A reproducible workflow for running AI-assisted IT security audits on your own infrastructure. Kali Linux in a Docker container, the official MCP server as the tool seam, and GitHub Copilot agent mode in VS Code as the driver — with every tool call gated behind your explicit approval.

Version 1.0 · 2026 Audience SME IT & security engineers Lab time ~1 hour from clean host

Who this is for

Two readers, both served by every section.

Reader	Prior knowledge	What they want
Primary — the operator. SME in-house IT/security engineer; technically capable owner-operator.	Comfortable with the CLI, basic networking, an IDE. No prior penetration-testing training assumed.	A reproducible method they can run on their own kit. Exact commands, verifiable steps, cross-platform parity.
Secondary — the sponsor. Non-specialist IT leadership; learners new to AI-augmented security work.	General IT literacy; no command-line fluency required.	Enough understanding of what an AI-assisted audit looks like to sponsor, oversee, or sit alongside it.
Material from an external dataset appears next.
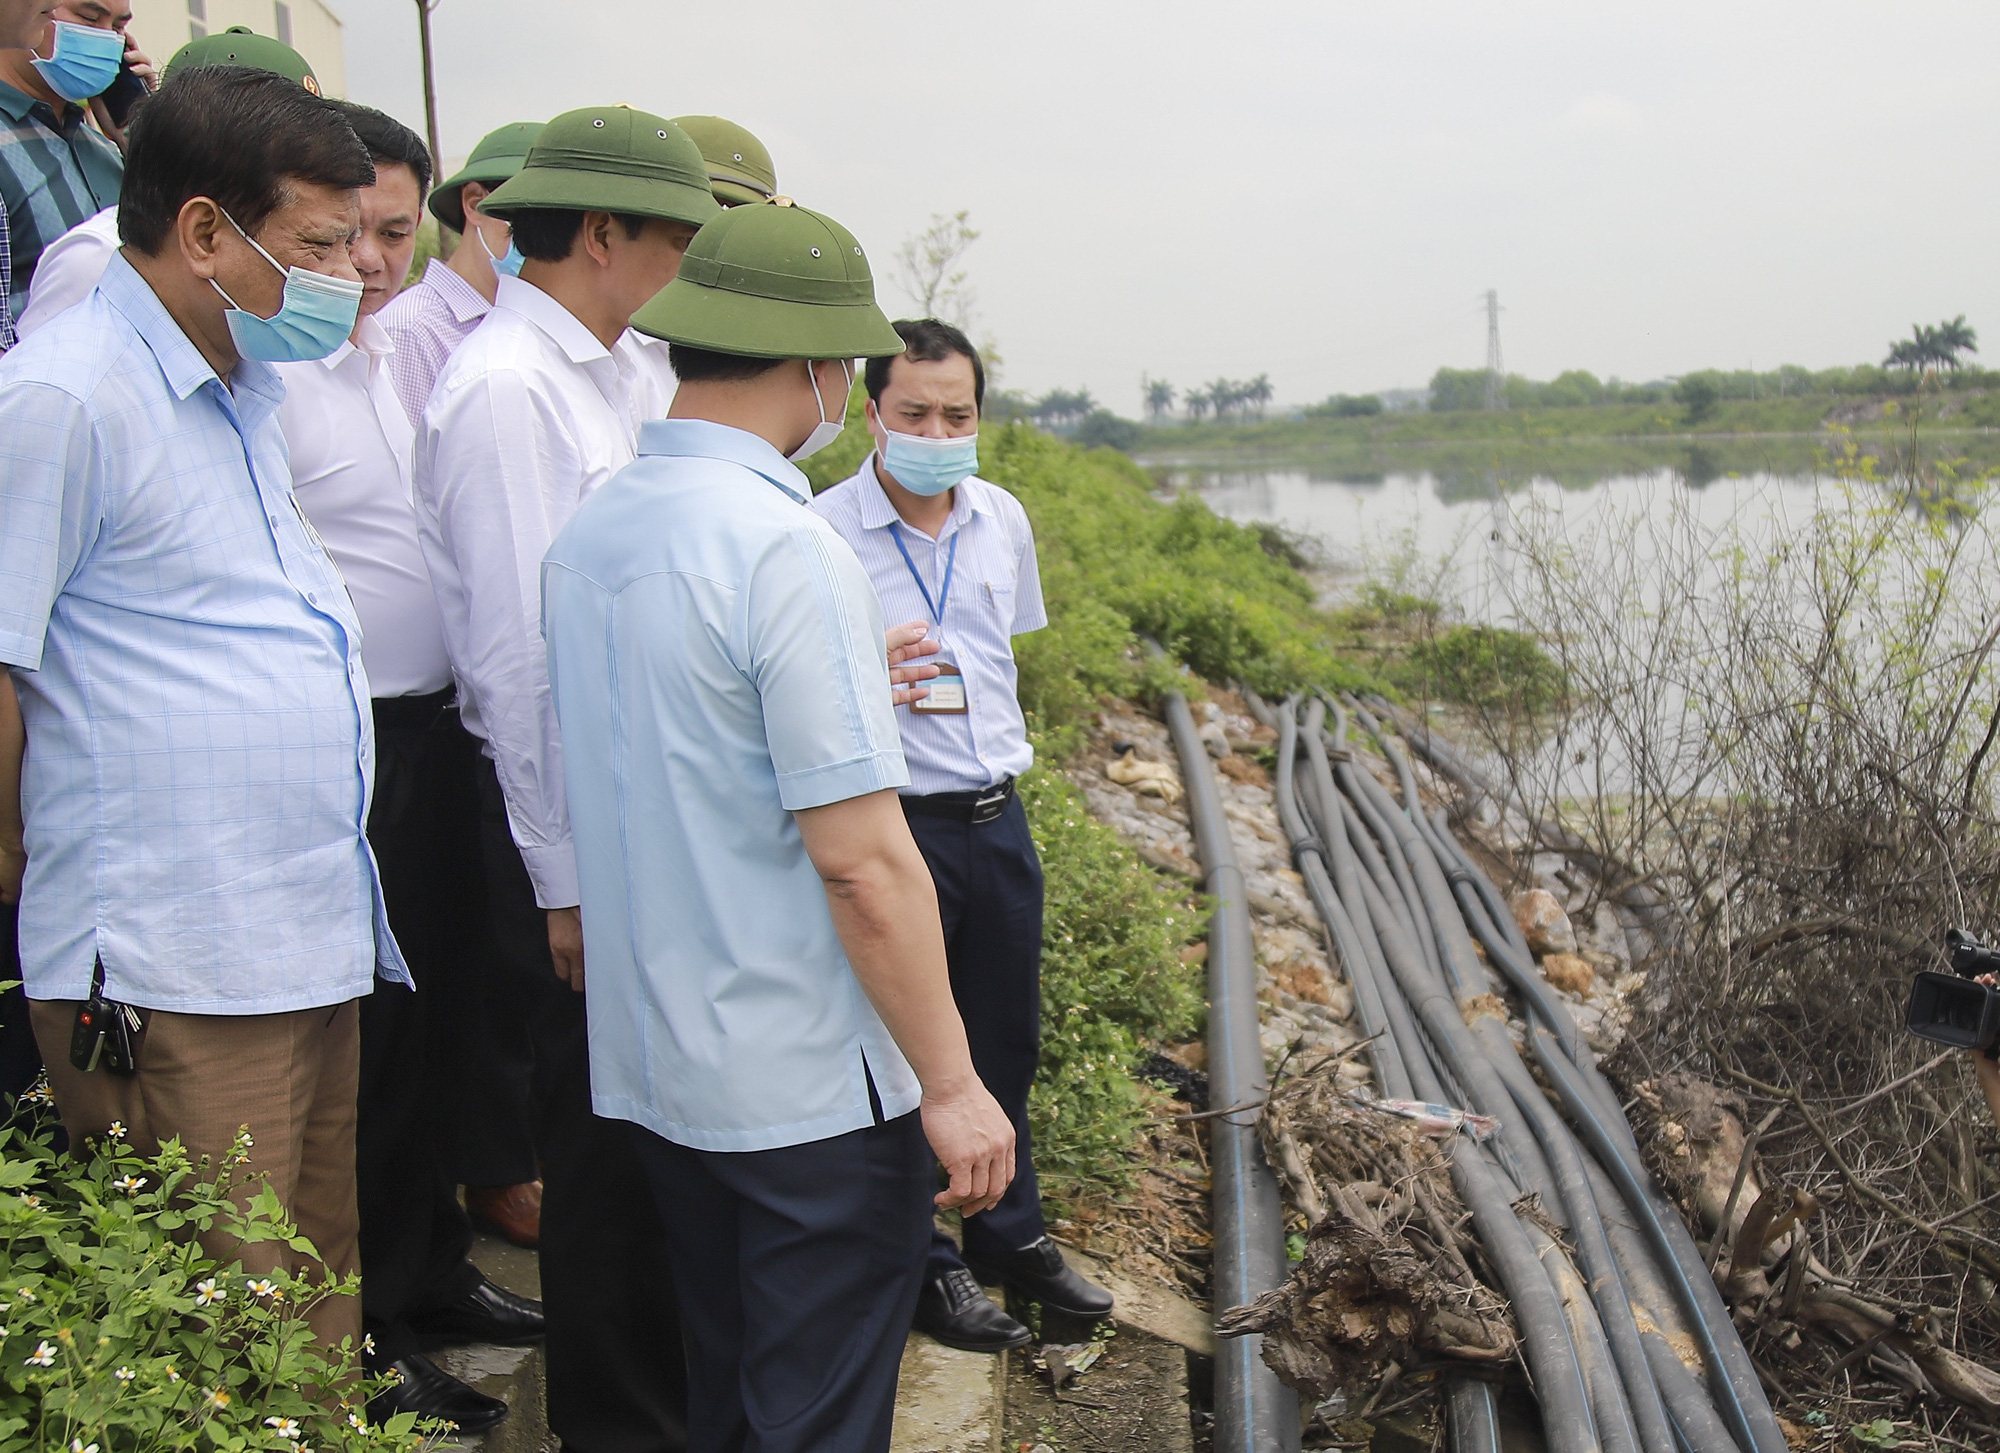 Bắc Ninh: Nhiều doanh nghiệp nhờn luật, gây ô nhiễm kinh hoàng tại các cụm công nghiệp giấy Phú Lâm, Phong Khê - Ảnh 1.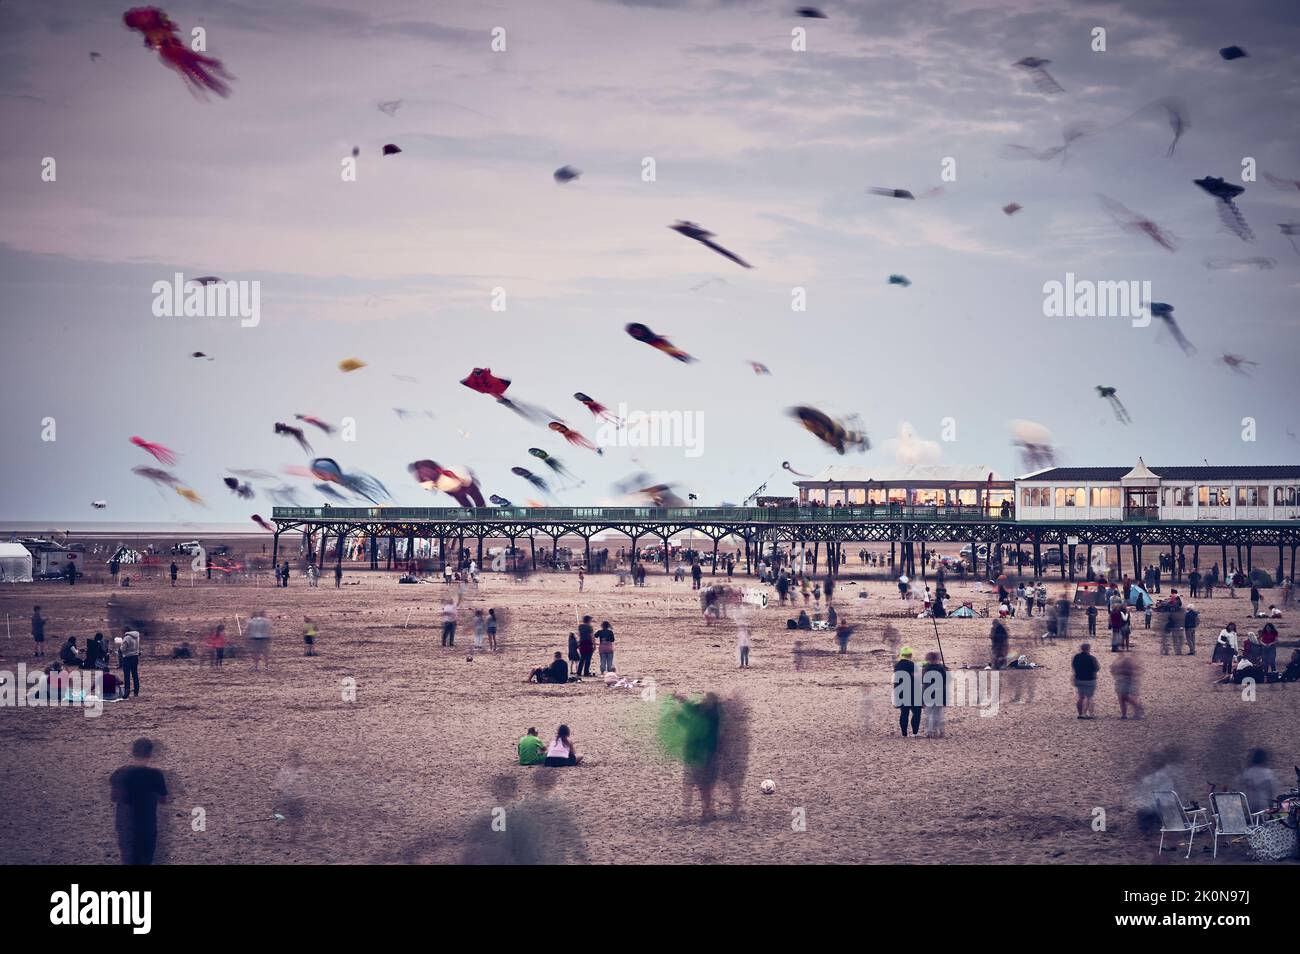 St Annes International kite festival held on the beach in September.Kites flying at dusk Stock Photo

What you will be able to do

L1 State the legal and ethical preconditions for an internal audit in the UK (anchored on the Computer Misuse Act 1990) and produce a one-page written authorisation against a real target.
L2 Stand up Kali Linux in a Docker container with the official MCP server running as a systemd-managed service on Linux, Windows, or macOS.
L3 Wire VS Code and GitHub Copilot Chat (in agent mode) to that MCP server, with the operator approval boundary intact on every tool call.
L4 Run an end-to-end audit session against a scoped target: framing, reconnaissance, CVE verification, authentication and exposure analysis, and a written report.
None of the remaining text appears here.